When your manager gives you responsibility without adequate guidance and support, it doesn’t empower you. This is outright neglect. Unfortunately, most managers have bought into this pseudo-empowerment philosophy and don’t take a stronger hand when it comes to management – they don’t even perform the basic tasks of management. Most managers are short on management.
Here are the top seven fears that cause managers to be unable to manage:
Fear #1: They are afraid of micromanagement.
Fear #2: They fear being unfair by not treating all employees equally.
Fear #3: They are afraid of being seen as an “idiot” and want to be loved.
Fear #4: They are afraid of difficult confrontations with employees.
Fear #5: They fear breaking organizational rules and procedures and feel constrained by bureaucratic red tape.
Fear #6: They are afraid that they are not innate leaders, so they have little hope of being a good manager; Or worse, they think they are innate leaders so they don’t have to practice the basics of management.
Fear #7: They feel that they do not have enough time to spend on managing you.
These seven concerns prevent many managers from providing their direct reports with the guidance, direction, and support they need. This may also be true of your manager.

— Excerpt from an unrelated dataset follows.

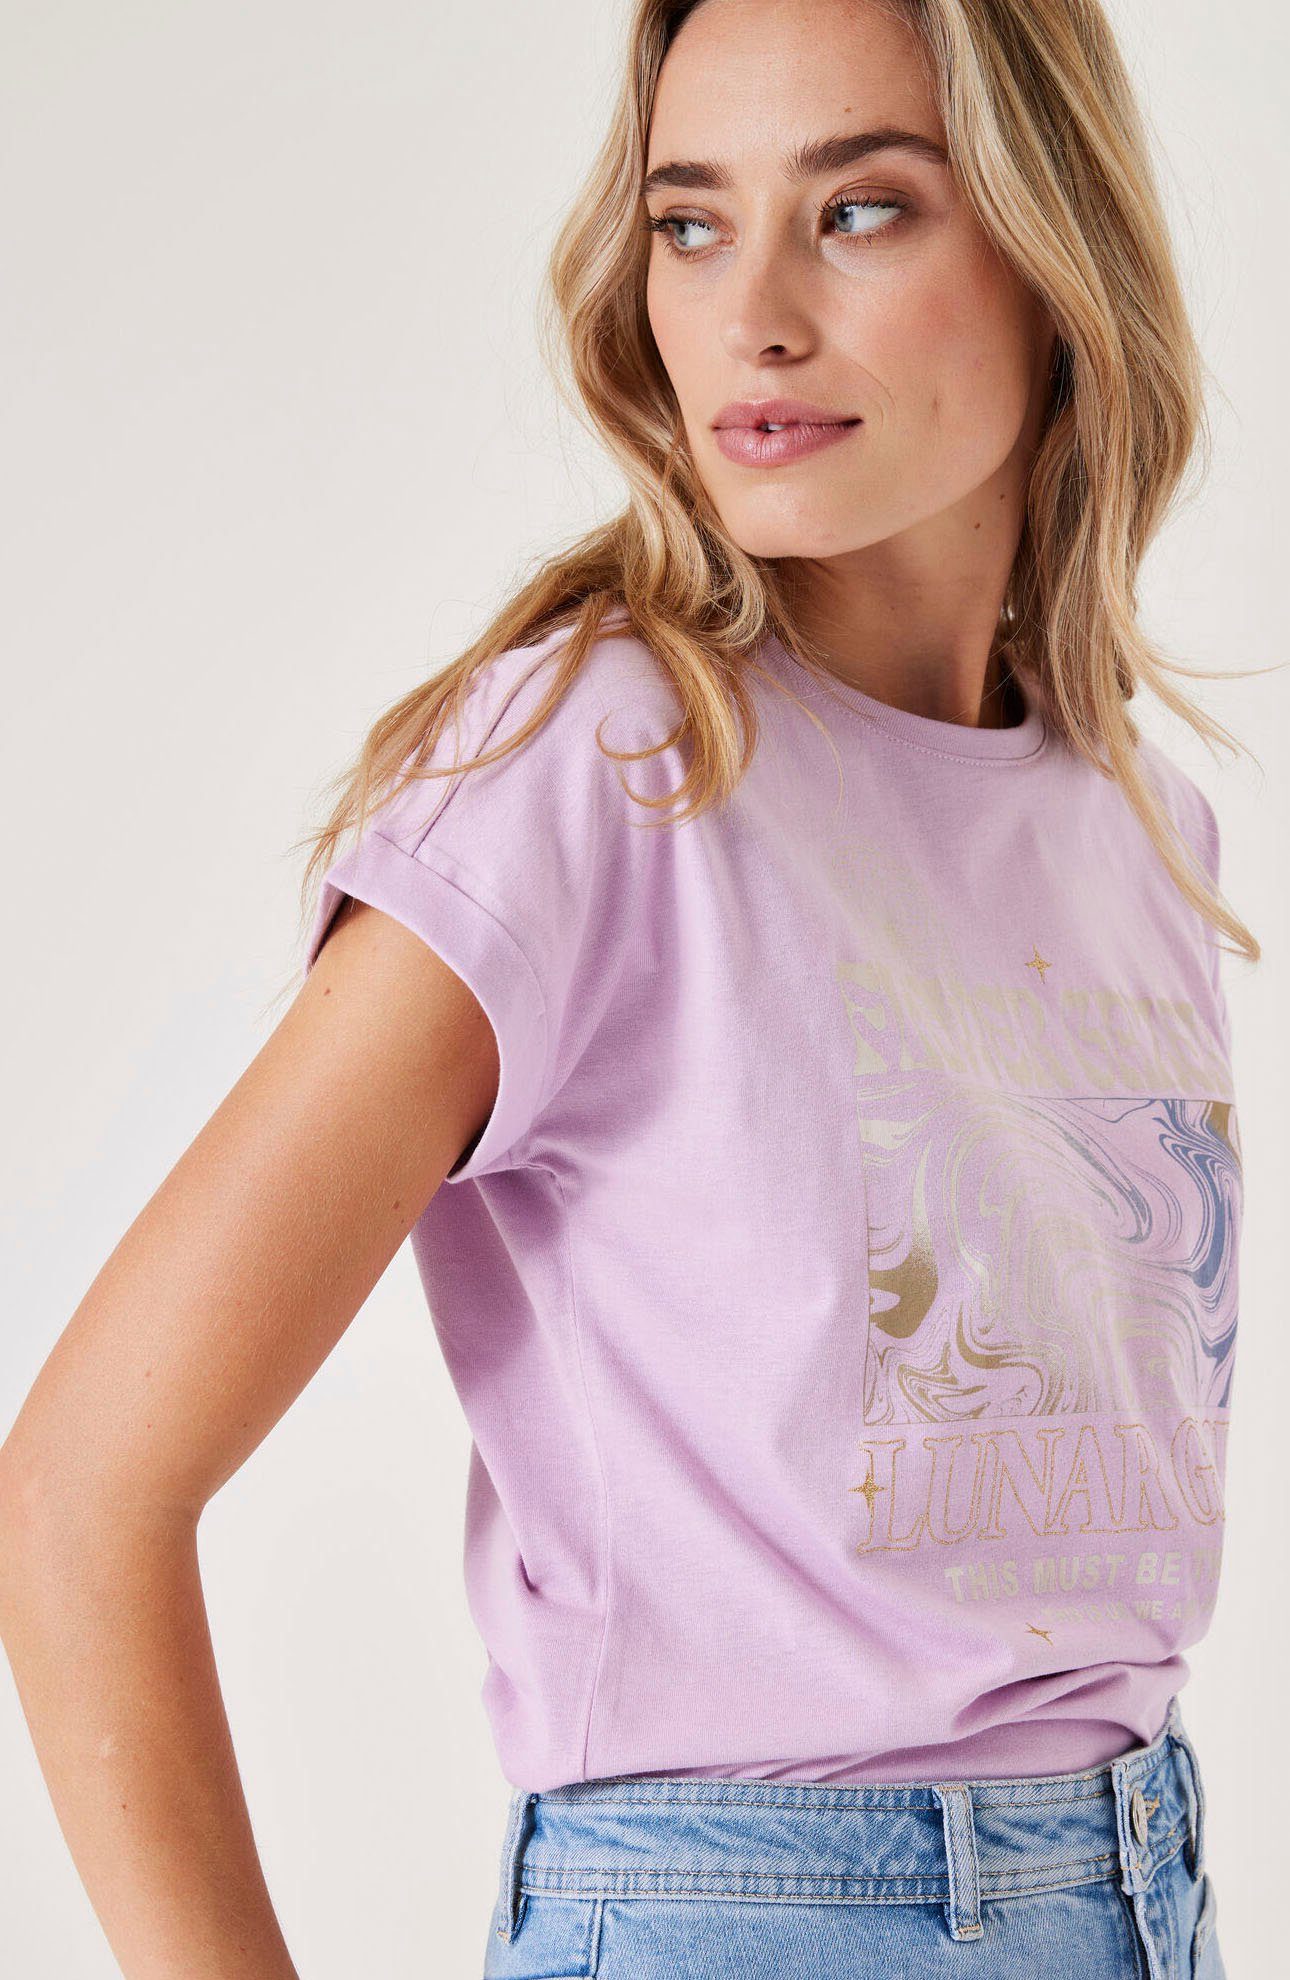 Garcia fragnant lil Print-Shirt
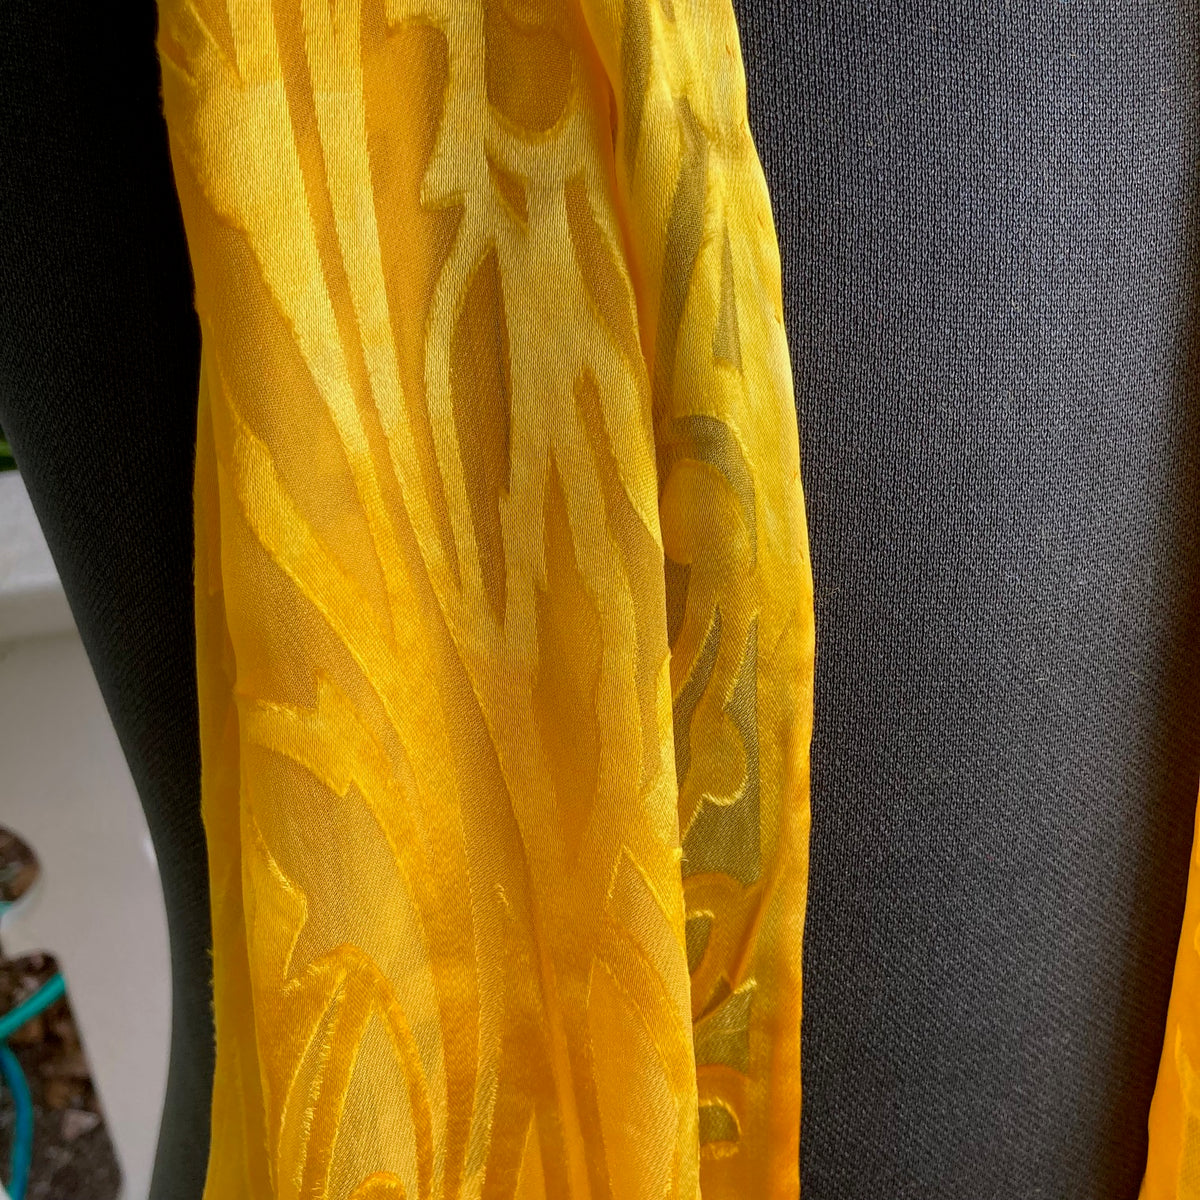 Devore Silk & Rayon Scarf in Golden Yellow in Art Deco Design

In order to help your boss give you the guidance, direction, and support you need, start by focusing on Fear #7. No matter how busy your boss is, your boss just doesn’t have the time Not To meet you on a regular basis.
Don’t get me wrong. You have to be very careful about wasting a minute of your boss’s time, or anyone’s time for that matter. Your superiors have their tasks, responsibilities, and projects along with their managerial obligations to you and their other direct reports. Your boss is busy. You are busy. Nobody has a minute to waste.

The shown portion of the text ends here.